= REQUIRED ACTION =
Could the data below be printed out exactly, with the pictures left out?

= MATERIAL PROVIDED =

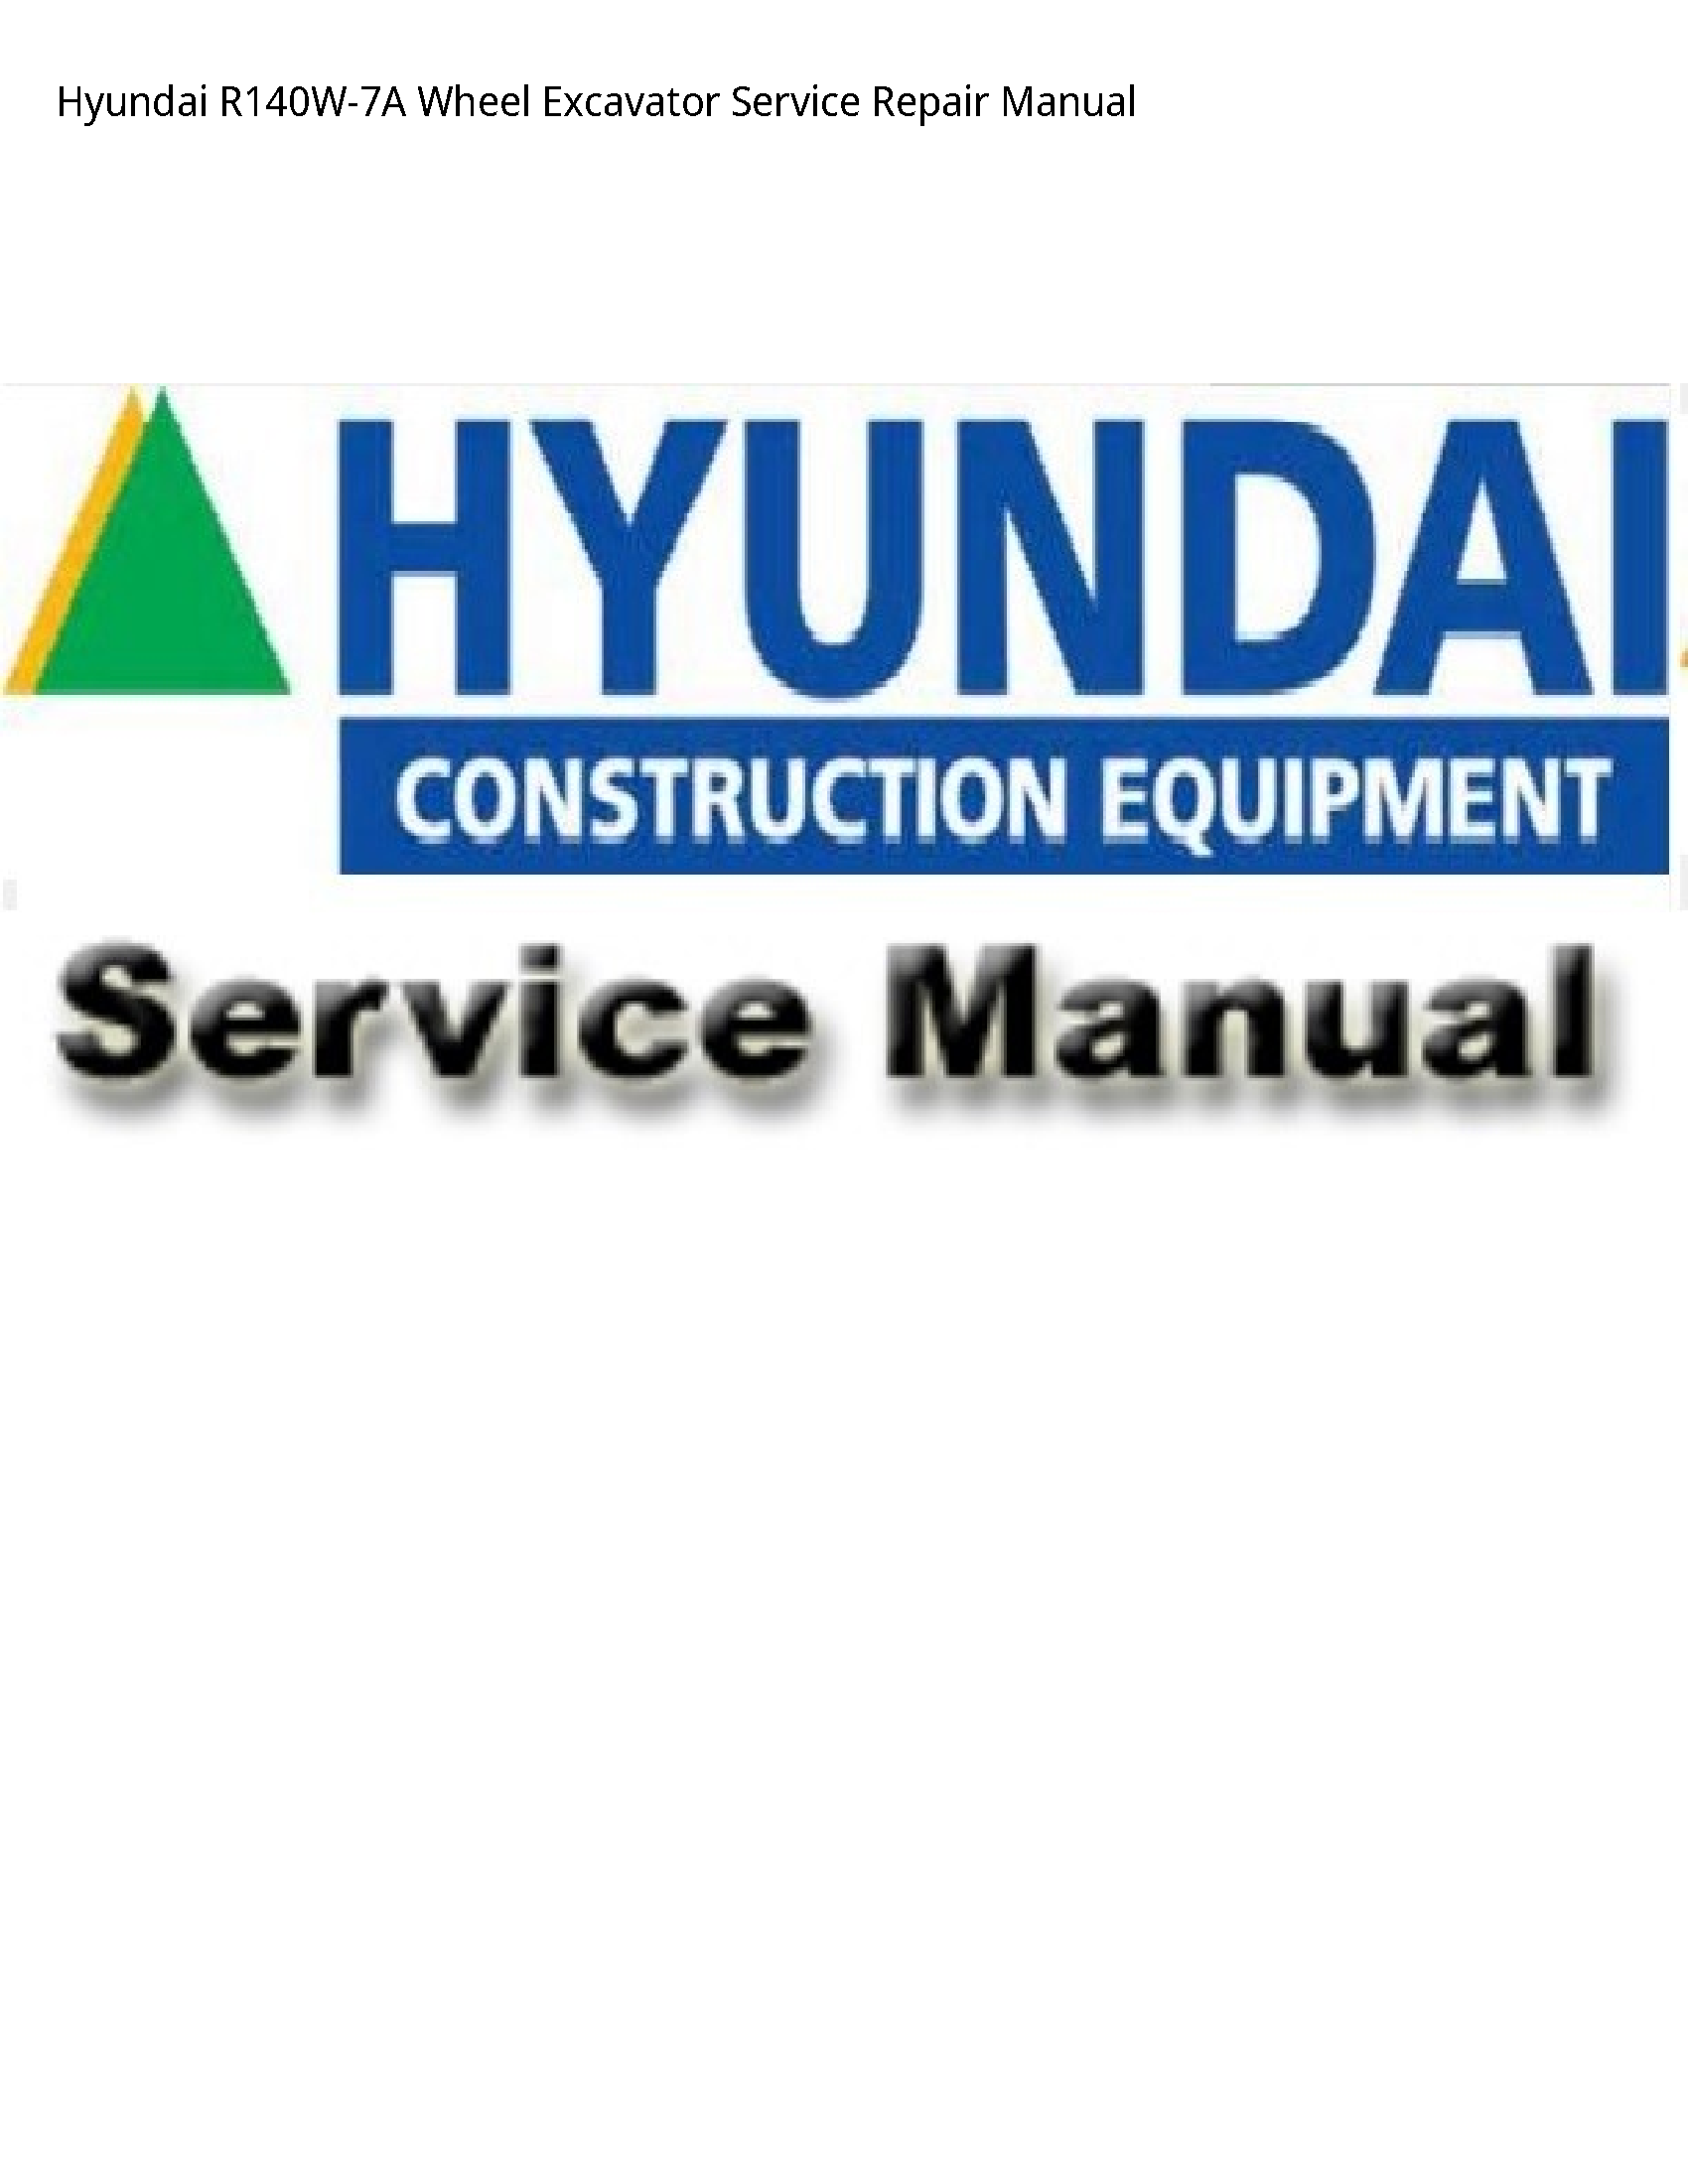 Hyundai R140W-7A Wheel Excavator manual
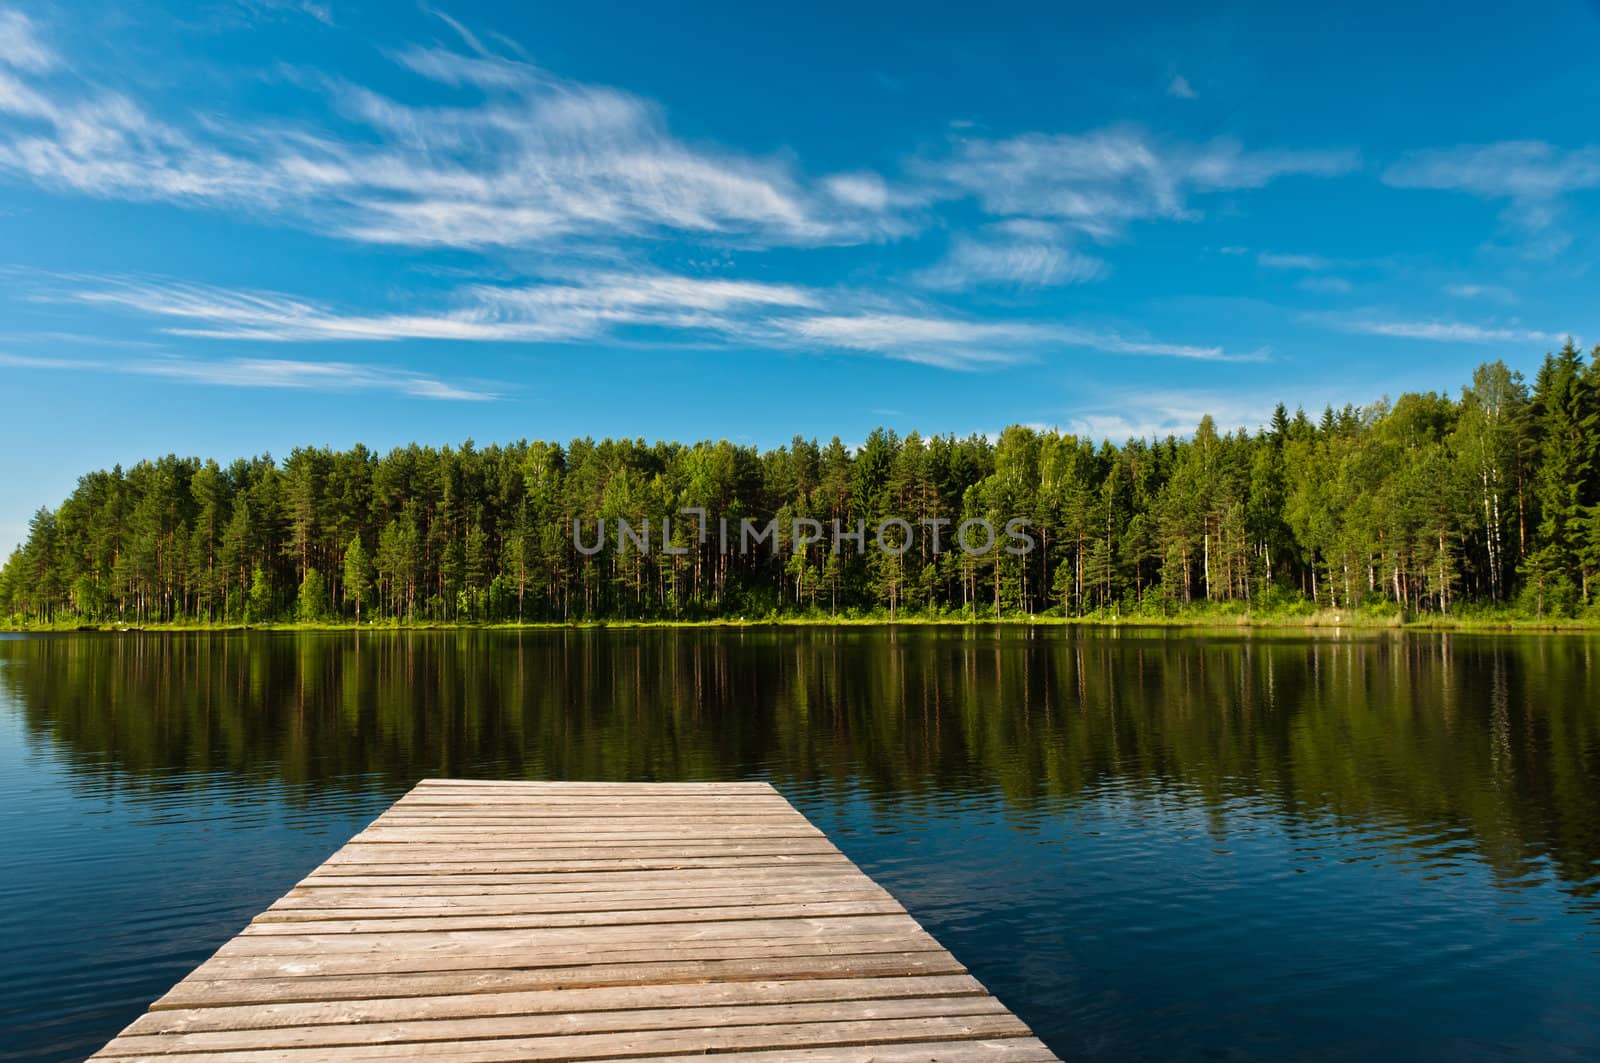 Wooden pier on lake scene by dmitryelagin
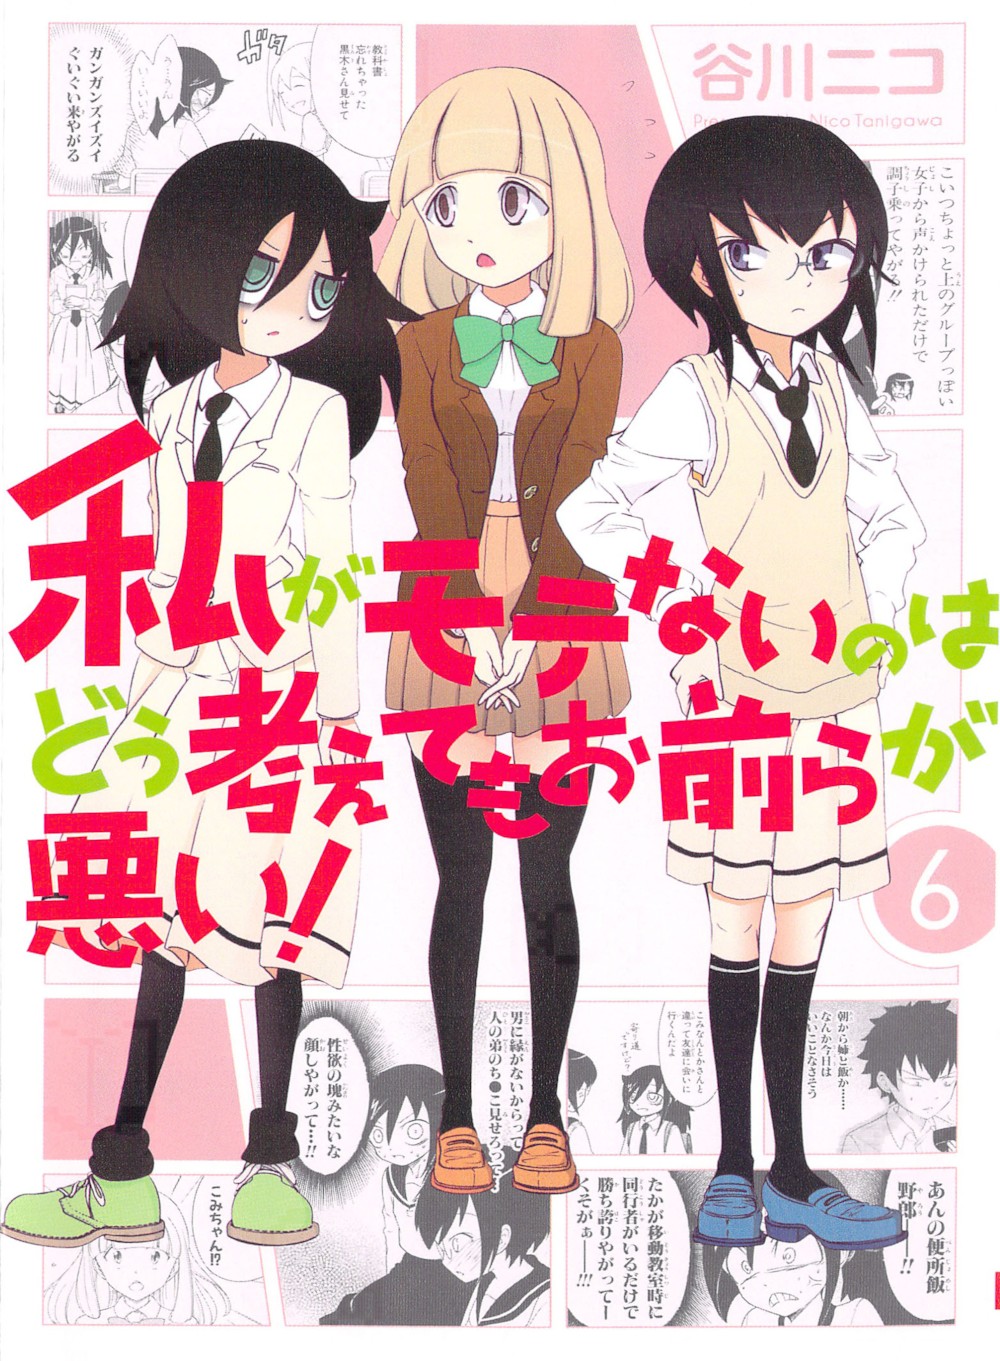 파일:WataMote_Manga_v06_cover.jpg

= SOLUTION =
 Hyundai R140W-7A Wheel Excavator manual
 Wooden pier on lake scene by dmitryelagin
 파일:WataMote_Manga_v06_cover.jpg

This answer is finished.